Obamacare’s conservative critics are right about the program’s intrusive, inefficient, and costly aspects, but they need to keep in mind that the “crown jewel” of President Obama’s eight years in the Oval Office was the culmination, not the beginning, of unconstitutional nationalized medicine.

The feds first got involved in the healthcare industry over 80 years ago with the Social Security Act, signed into law in the 1930s during FDR’s administration. This created both the Social Security system, as well as the Social Security Administration.

Although this didn’t directly affect healthcare, SSA was followed by the 1965 Social Security Act Amendments, which created two federal medical programs, Medicaid (for low income families) and Medicare (for people age 65 and older).

In the Journal of American Physicians and Surgeons, Dr. Donald W. Miller, Jr. writes on the effects these programs had on the healthcare industry through its introduction of a third party payer that guaranteed artificially high prices.

Healthcare spending in 1960 was 5.2 percent of GDP, $143 per person—equivalent to $1,125 in 2013 dollars. Lawmakers projected that Medicare would cost $12 billion a year by 1990. It cost $98 billion that year. In 2013, the annual cost of this healthcare program for people 65 years of age or older, and people under age 65 who are disabled or have end-stage renal disease, was $585.7 billion (and growing at a 3.6 to 4.1 percent rate annually). Medicaid is not far behind. The annual cost of this joint federal-state program, established to finance medical care for the poor, was $449.4 billion (and growing at a 6 percent annual rate).

The total amount spent for healthcare in the U.S. in 2013 was $2,900 billion, 17.4 percent of GDP, which amounts to $9,255 per person. This is a nearly nine-fold increase, adjusted for inflation, compared with what Americans spent on medical care before enactment of Medicare and Medicaid. (It is a 65-fold increase, $9,255/$143, in nominal dollars.)

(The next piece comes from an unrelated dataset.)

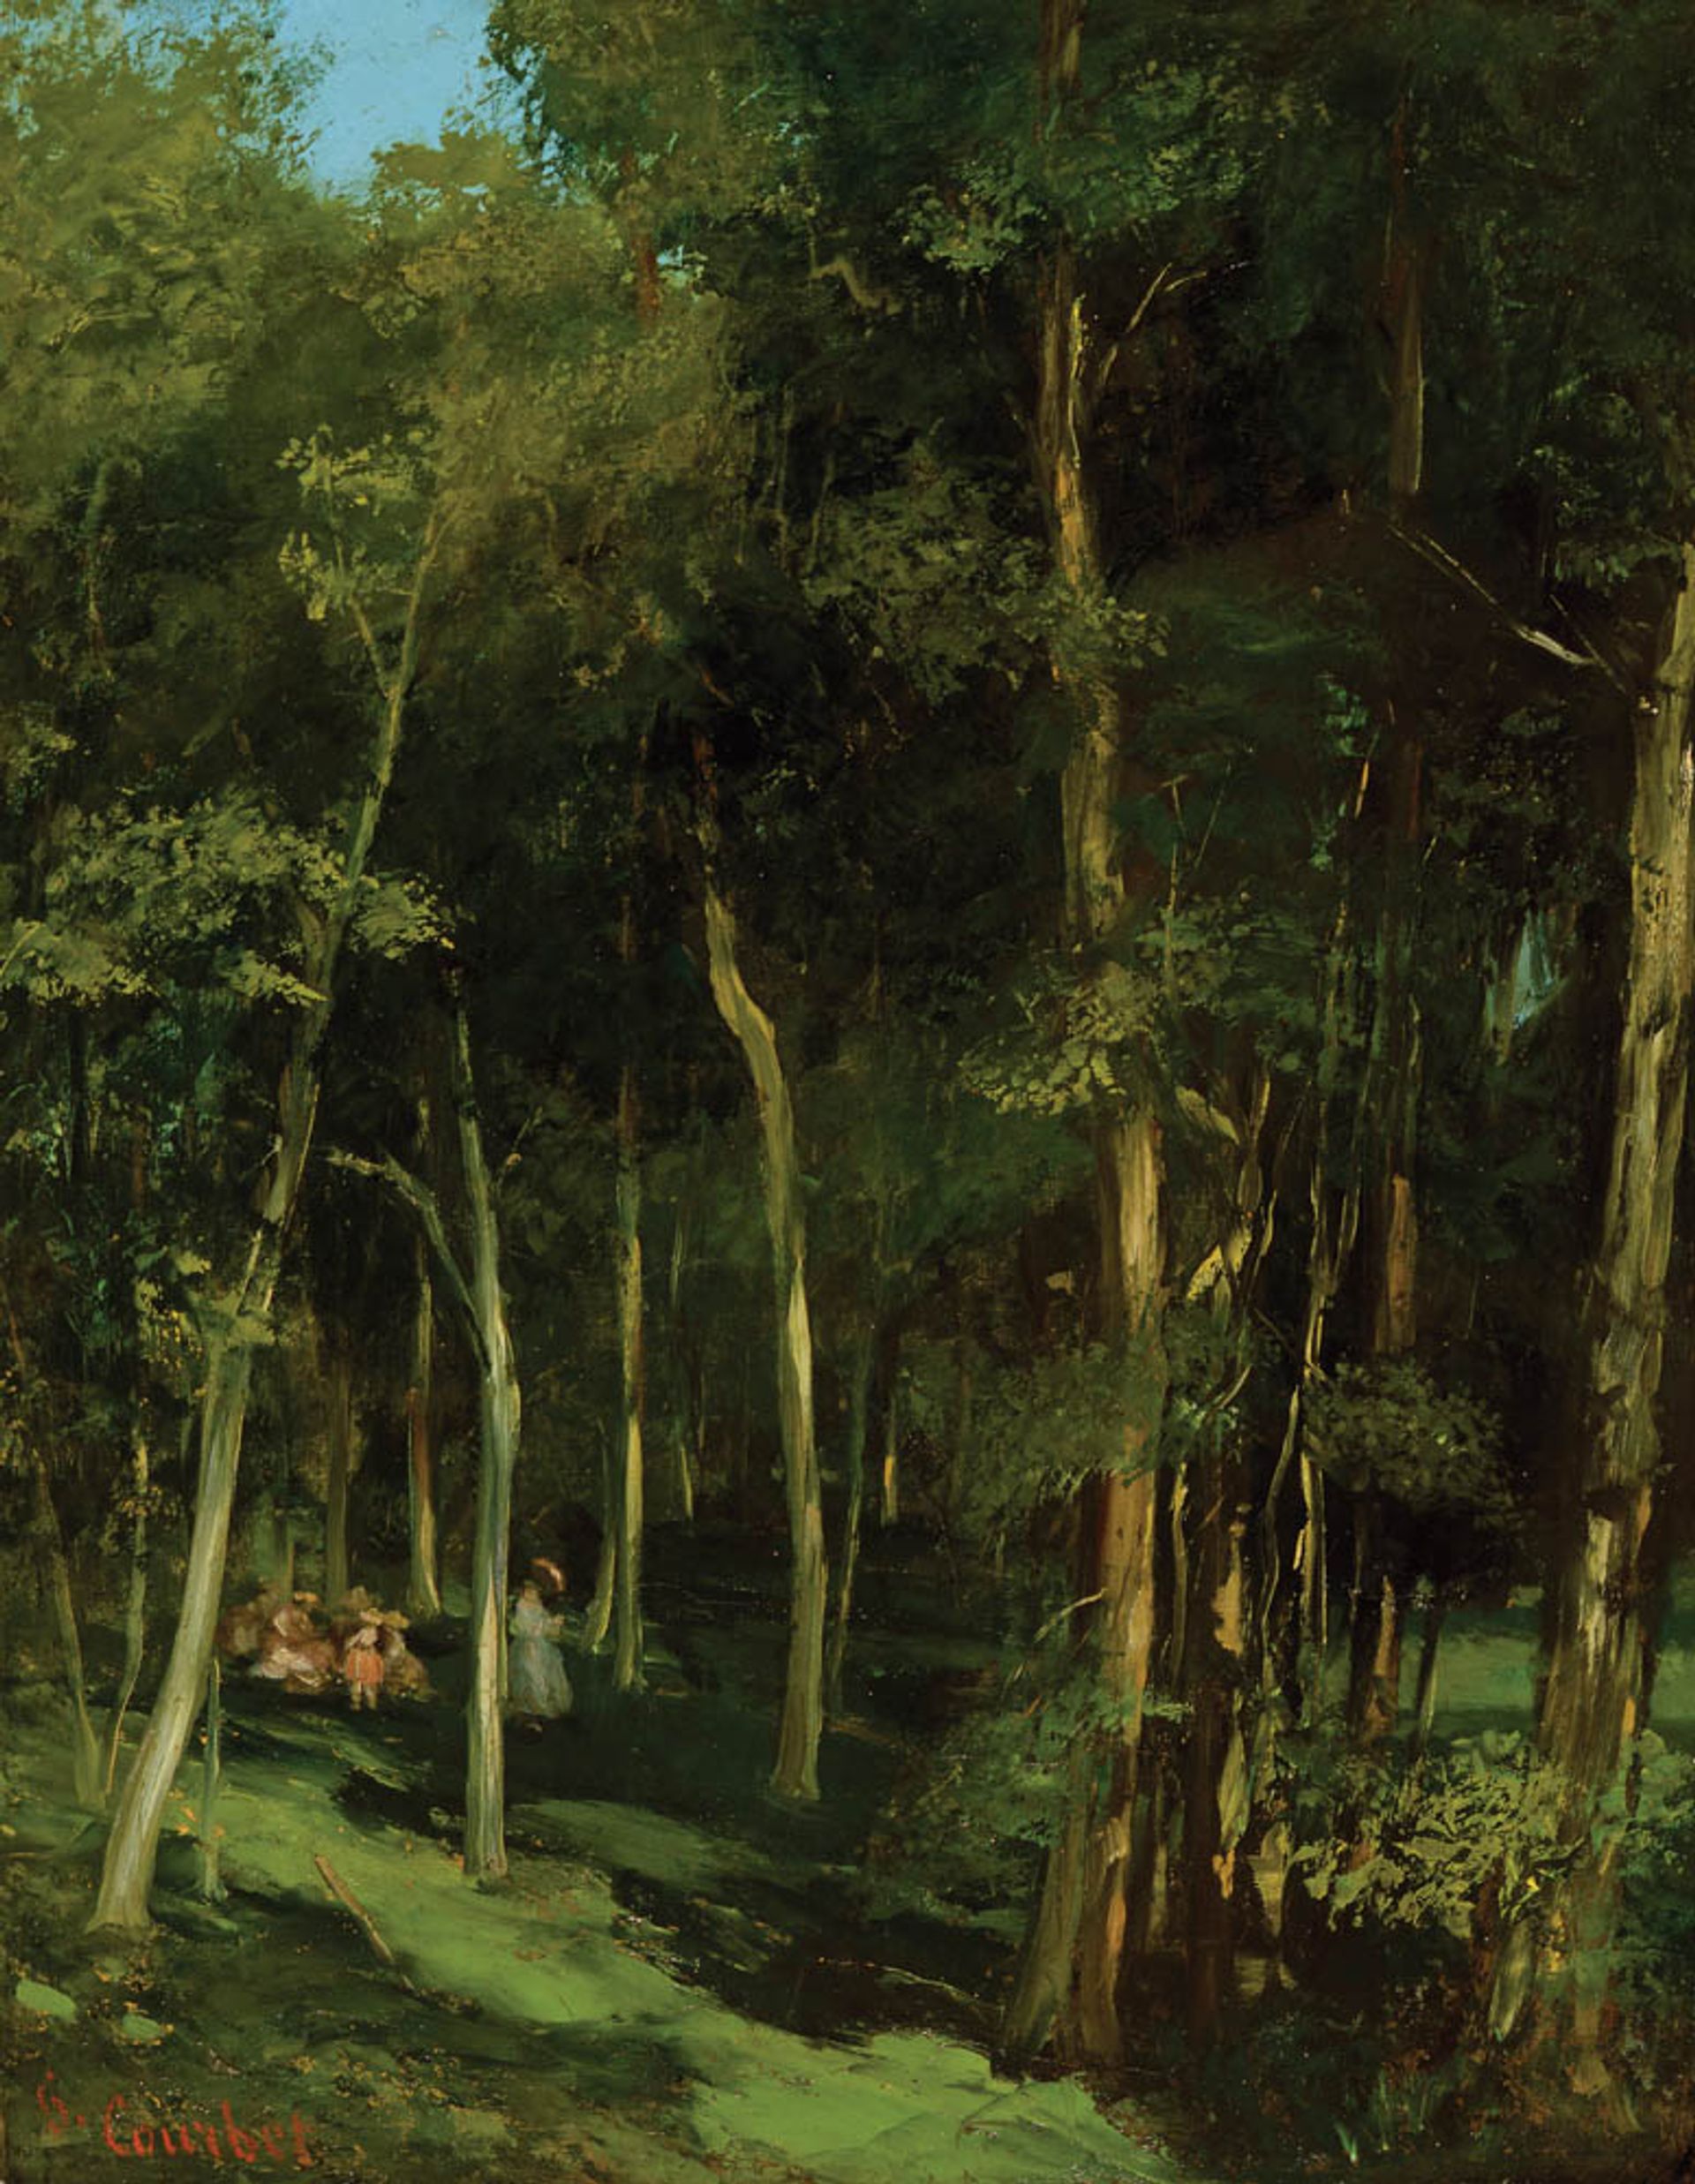 The sylvan La Ronde Enfantine, painted around 1863, may well have been known as Forest Scene © The Fitzwilliam Museum, Cambridge
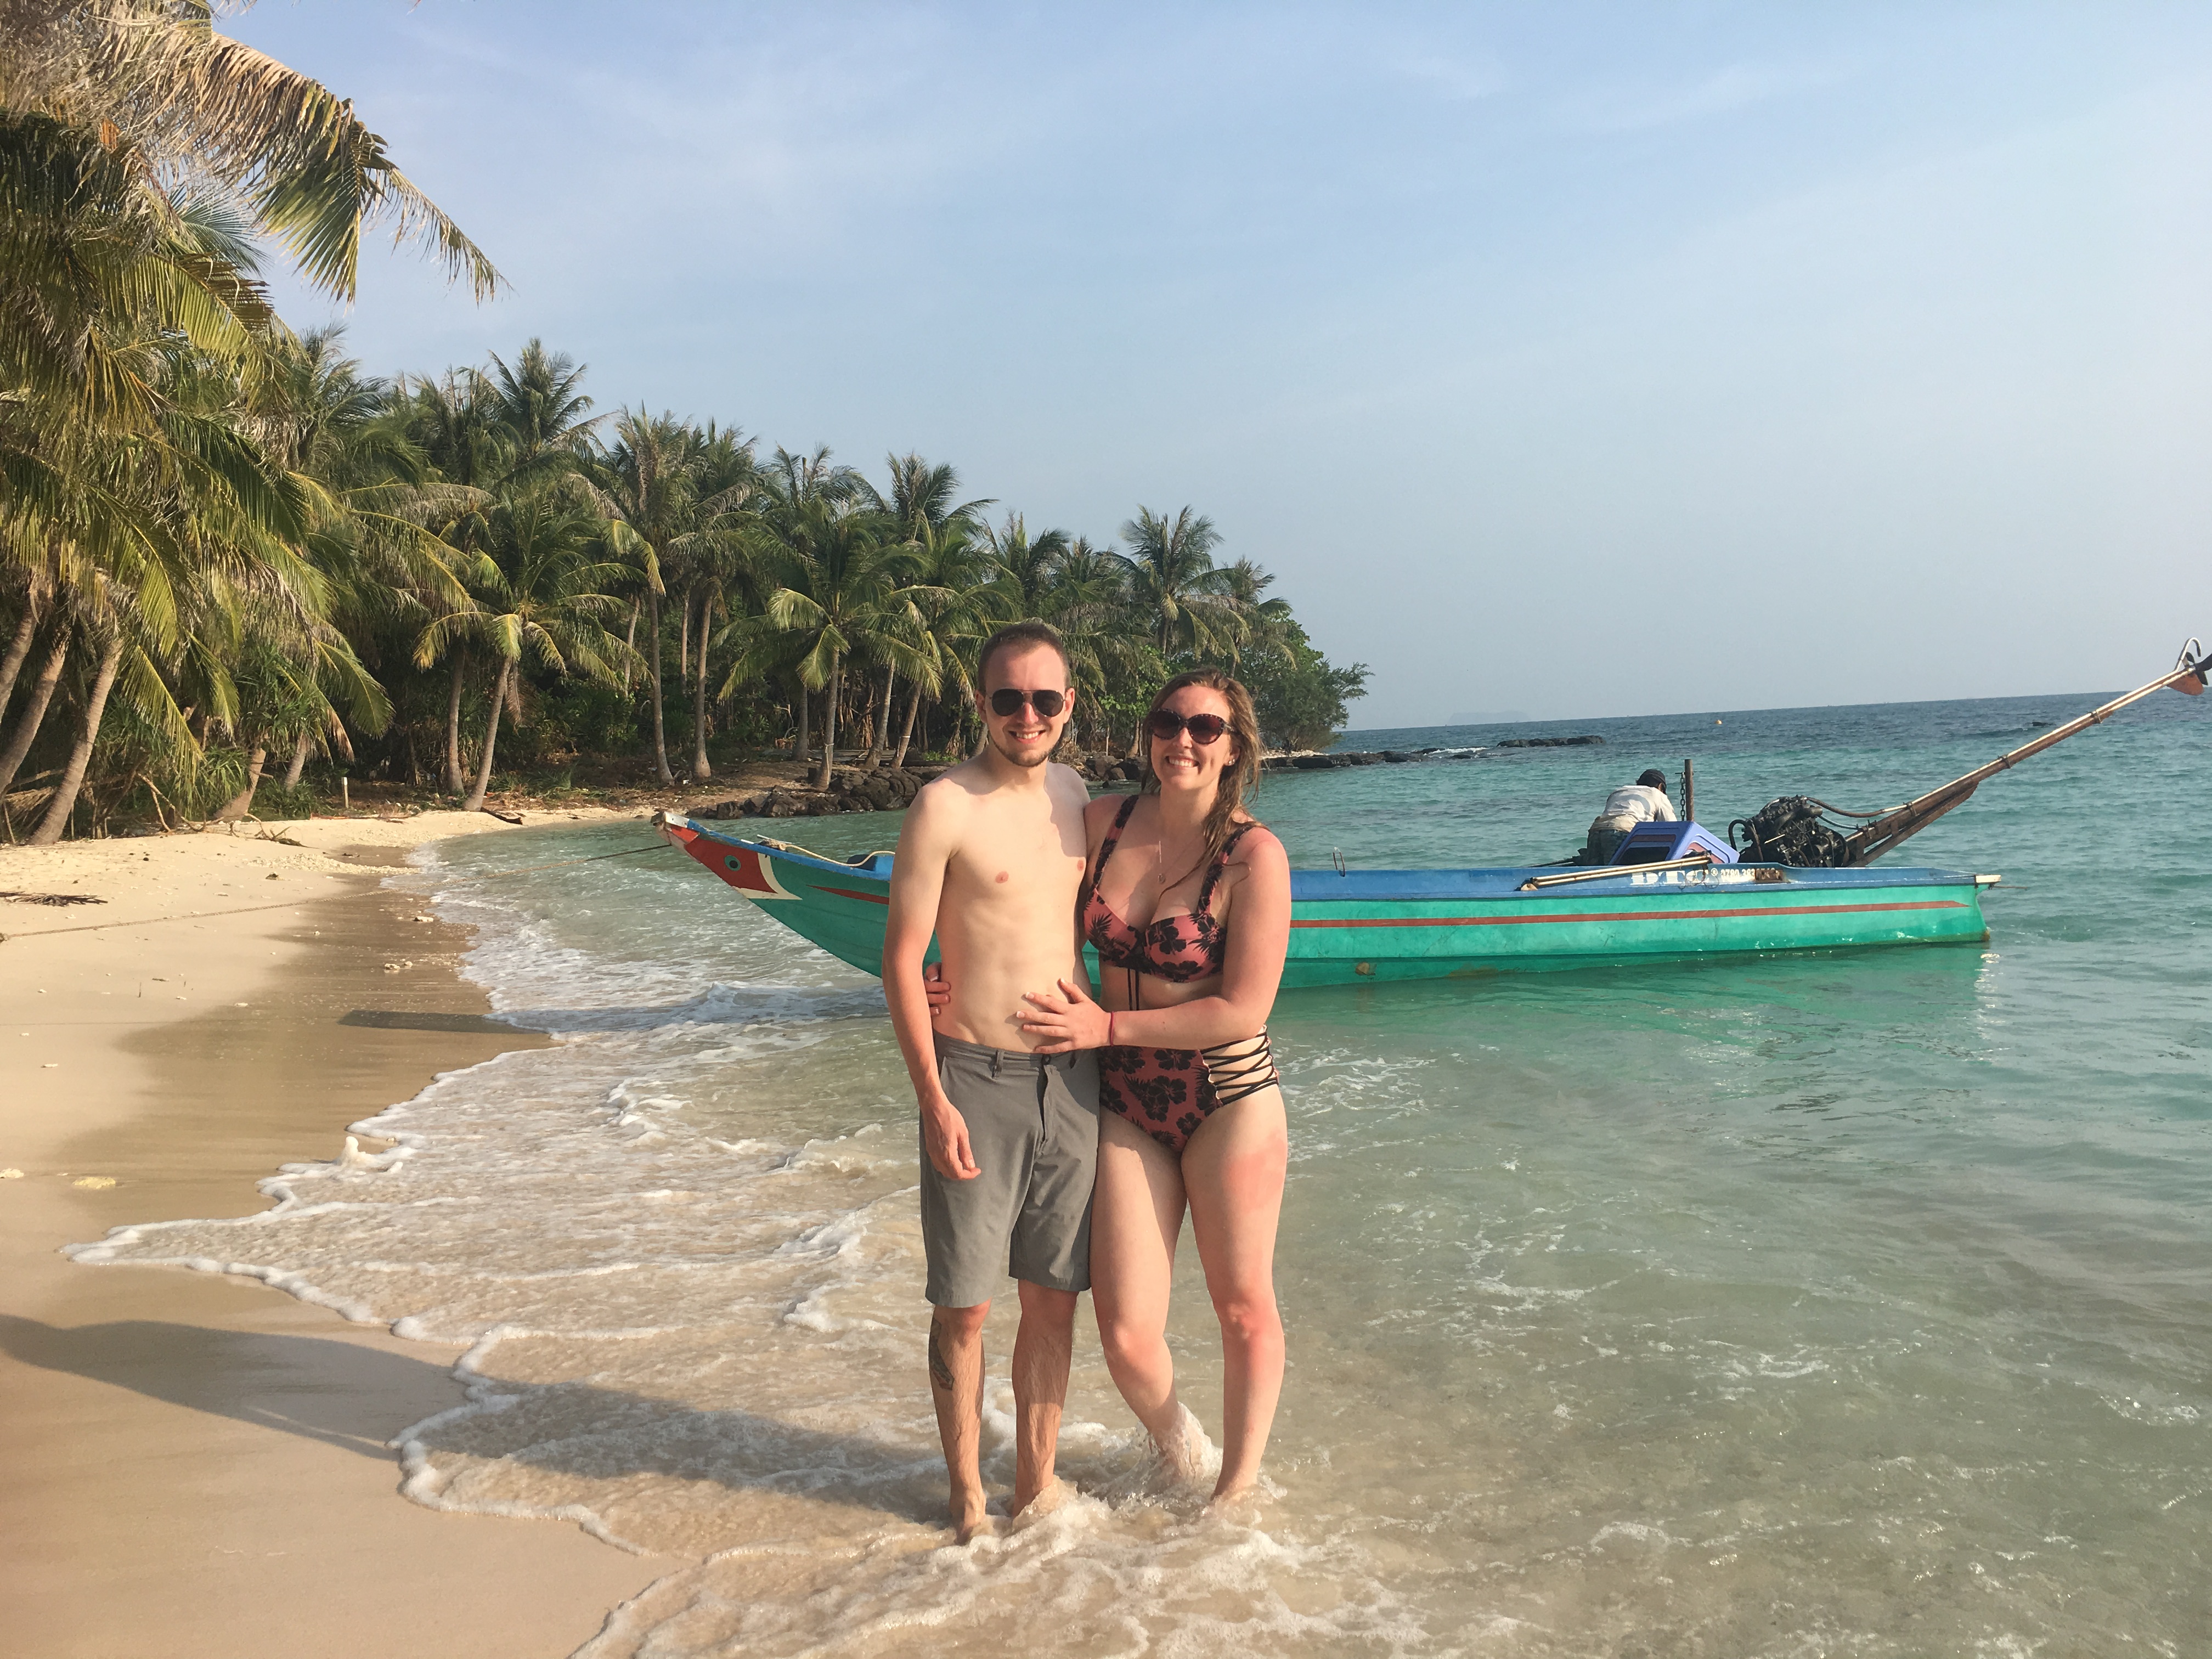 Ben and Erinn at the An Thoi islands of Phu Quoc, Vietnam.

When health costs started to go up, Miller writes, Congress responded by, surprise, passing more regulations. The Medicare Prospective Payment System (PPS), passed in 1983, was intended to place price controls on hospital bills by paying them a fixed amount no matter what the actual cost of treating the patient was. The reimbursement amount is based on the World Health Organization’s International Statistical Classification of Diseases.

Today, Medicare faces unfunded liabilities approaching $48 trillion.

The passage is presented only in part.